Dexter doesn't just map native plug-ins - third-party effects are supported and work just as seamlessly. Each plug-in is listed sequentially if you've set up a chain, and each one also features a power light, which acts as an effects bypass button if activated. Taking their lead from the master output, the faders are 'zoomable' here too.
For some people, building a screen-based controller for software might seem a bit like building a pint glass out of beer. Certainly, swapping one graphical interface for another won't wash well with everyone, but we wouldn't count ourselves amongst the doubters.

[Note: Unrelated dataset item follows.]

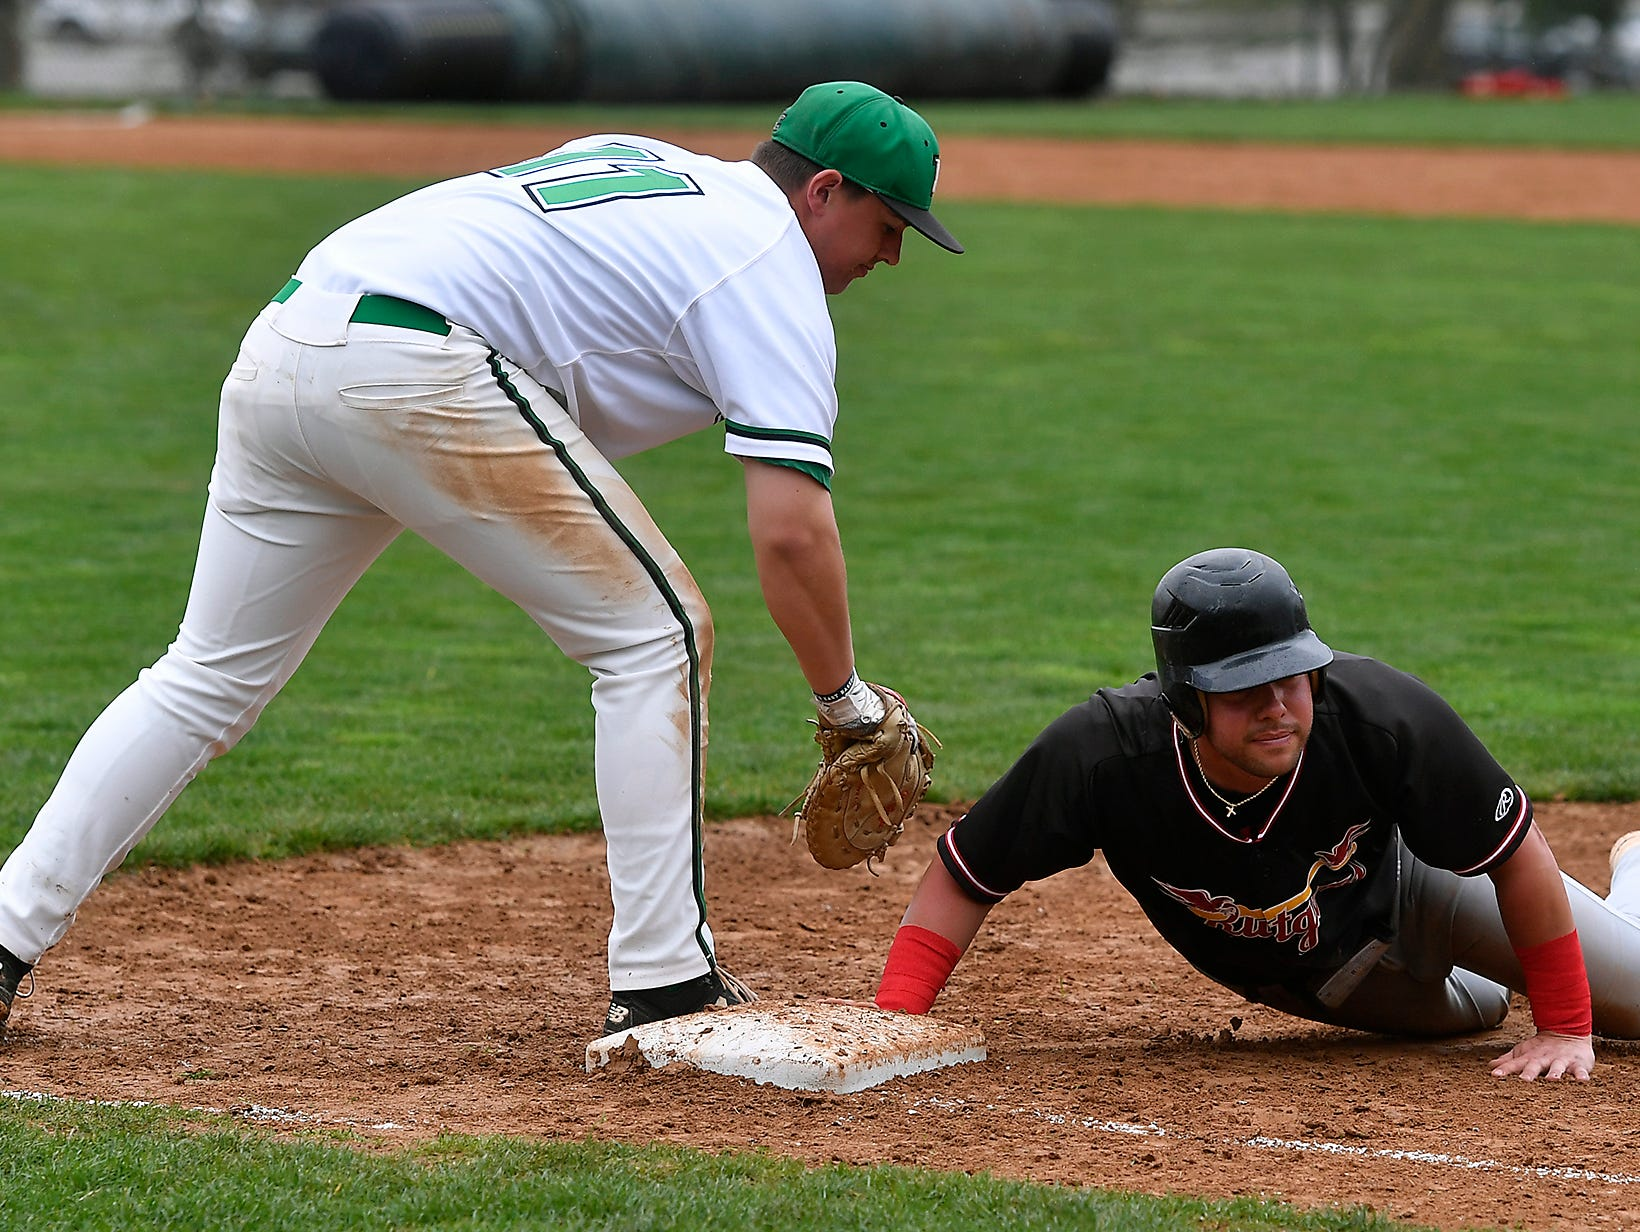 York College hosts Rudgers Camden in baseball, Sunday, April 14, 2019.John A. Pavoncello photo

For us, Dexter represents a good compromise between a tactile control surface and a neat-and-tidy unit that can graphically keep pace with your workﬂow. Lots of people like endless knobs and buttons, but equally, there are plenty of people around who either grow tired of their sliders not keeping track with settings, or who spend their days listening as much to motorised faders zipping up and down as to the music they're working on.
What we like most about Dexter, though, is that it keeps you in touch with settings when plug-in surfaces or slider positions are closed or off-screen.
We're lucky enough to work with two monitors, yet we still found being able to see EQ curves, delay graphs, fader positions and surround sound assignments simultaneously a more efﬁcient use of a screen than the majority of screensets we've created for Logic ourselves.
Ultimately, Dexter needs to support more applications before its appeal can be truly universal. We suspect that when support for Ableton Live appears, we'll begin to see Dexters regularly appearing on stage as well as in the studio.
In the meantime, if you want a controller that will literally get you looking at your host software in a new way, with a 21st Century balance of intergalactic looks and real tactility, then this is for you.